Ian liked to consider himself in good shape, but he could hardly keep up. Lankin set a merciless pace, only stopping long enough for Ian to catch up. The snarl on his face reflected his agitation at having to slow down. Above them, clouds were gathering and the air hinted of rain, perhaps even graupel.
Once Ian returned to Lankin’s he barely had time to transfer his gear from one vehicle to another. Lankin set off at a furious pace, getting them to the dirt tracks four-wheelers used around Gaia’s Backbone at a speed that would have resulted in a severe speeding ticket at the very least. He drove at least two, perhaps even three miles past any four-by-four road Ian was aware of before finally stopping, getting out of his vehicle and slipping into his pack before the engine had completely shut off. Lankin was already at least fifty yards away when he looked back at Ian, still getting his back on.
“We do not have time for you to dally, Deputy,” Lankin said, making no effort to mask his ire at the situation.
The sky turned black, matching his mood. Ian struggled to keep up. What was more unsettling than his companion’s mood was the fact he could feel eyes on him. Someone, something was following just out of sight. If Lankin was aware of it, he didn’t let on. He just kept his purposeful gate, marching toward the summit of Phantom Peak with grim determination of a pallbearer on the way to a gravesite.
It took two hours to reach tree-line from where they parked. Lankin finally stopped at a rather large boulder to have some water and unshoulder his pack. When Ian finally caught up, he looked on impassively.
“This is the trail, such as it is,” Lankin said. “Anyone who comes up here seems to intuit this route. It would seem that your cousin just kept going instead of turning around. If he was smart, he made for the lake on the other side, which is what the ones who come down off this mountain do.”

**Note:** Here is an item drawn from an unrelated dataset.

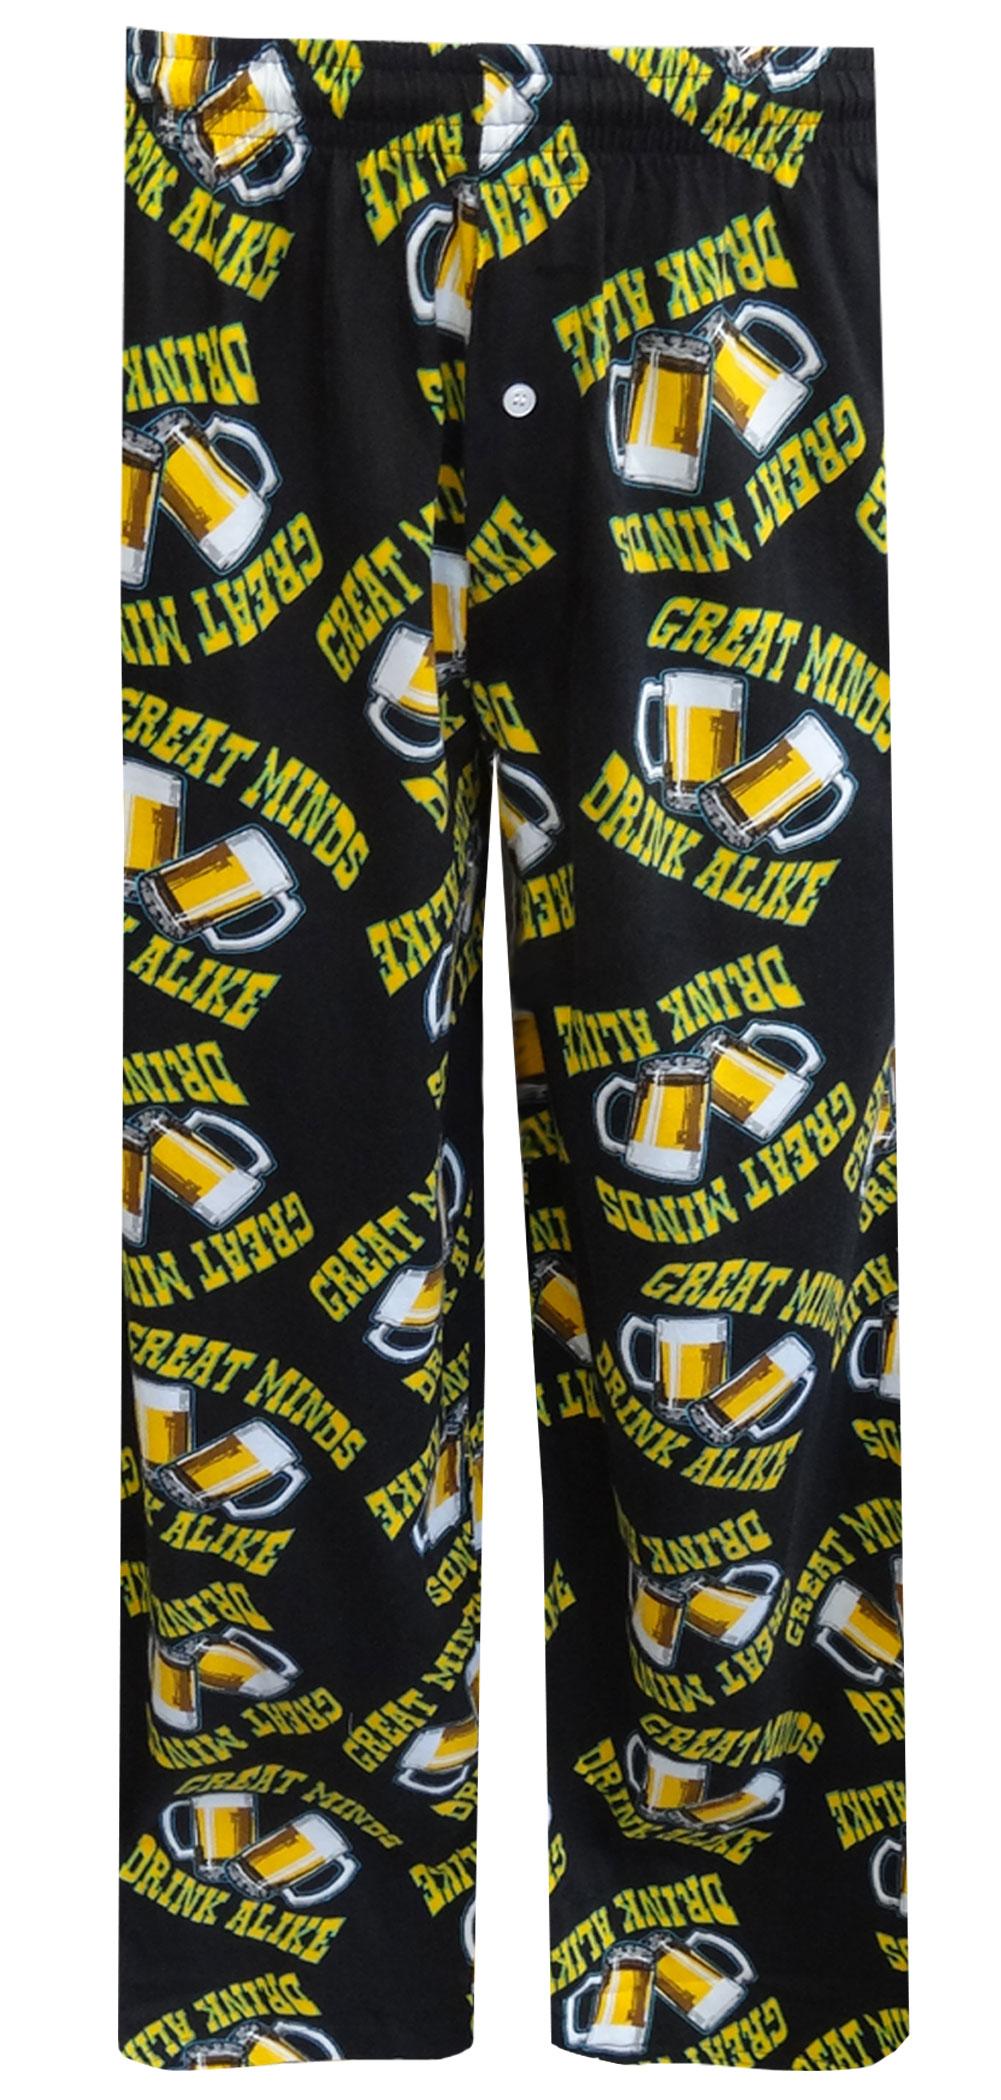 Great Minds Drink Alike Lounge Pants for men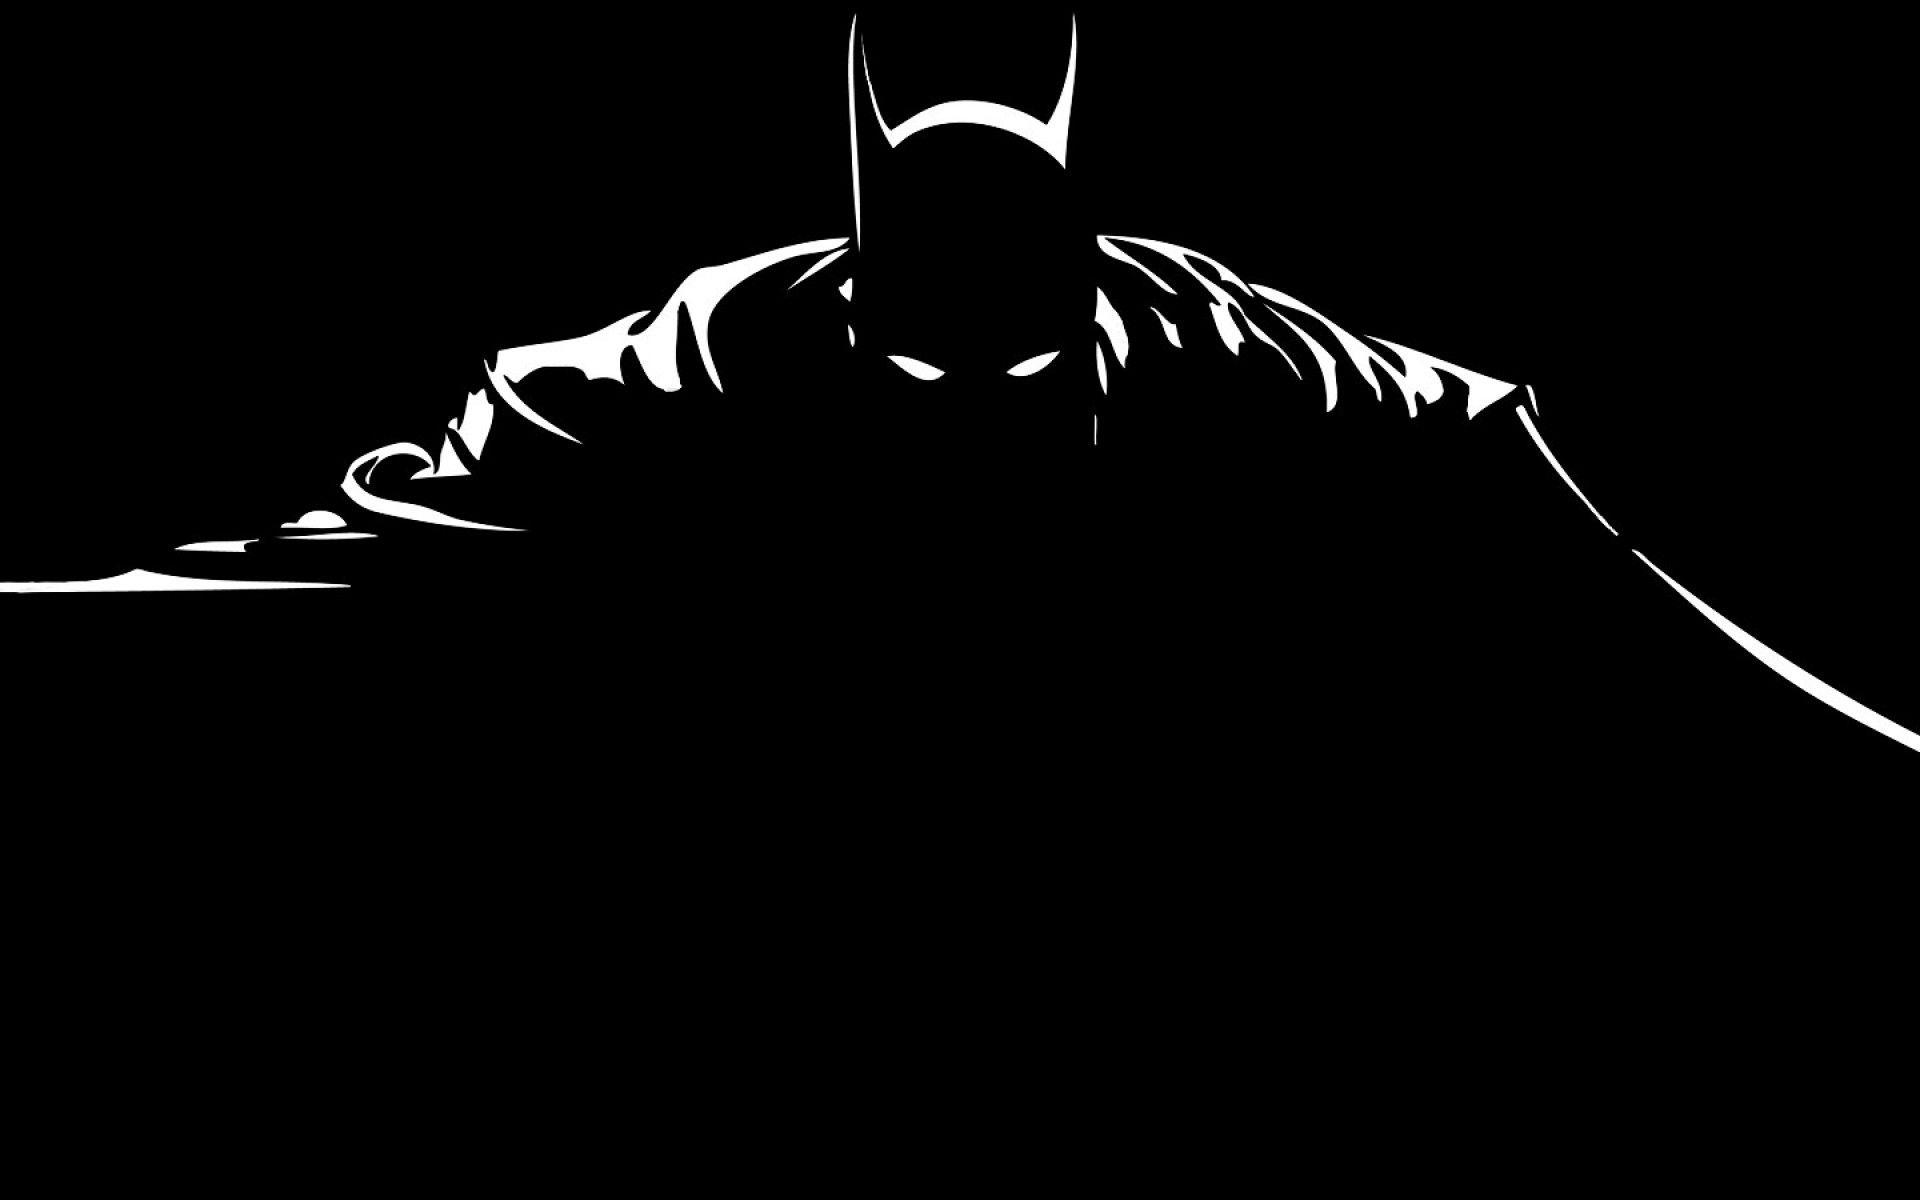 batman backgrounds for computer, 4k mobile wallpaper

“And if he didn’t?” Ian asked breathlessly.
“If we don’t find him on this route, we won’t,” Lankin replied. “You’ll have to reconcile he’s one of the lost.”
“That’s a cold way of looking at it,” Ian muttered.
“No, Deputy,” Lankin corrected. “It’s realistic.”
A drop pelted Ian’s face, cold and jarring. There was a chill on the breeze. Although there was clear skies on either side of them, the sky above looked like it would open up with a deluge.
“It might blow over, but we should put on our shells,” Lankin said. “This boulder here has a nice cut we can use for a bivouac if needs be. The summer before my sister’s accident, we camped here.”
“You camped here?!?” Ian exclaimed. “With all the stories? My god! Why?”
“We had our reasons.”
They crawled inside the cut to put on their hardshells. Both men noticed the pack stashed next to the rock. Ian felt his heart sink at the realization of whom it belonged to. It didn’t fit; Trace was young and a little cocky, but to just leave his pack seemed too careless. Lankin noted the pack with a detached glance, his eyes tracking back out to dirt and rock landscape outside. It was starting to drizzle.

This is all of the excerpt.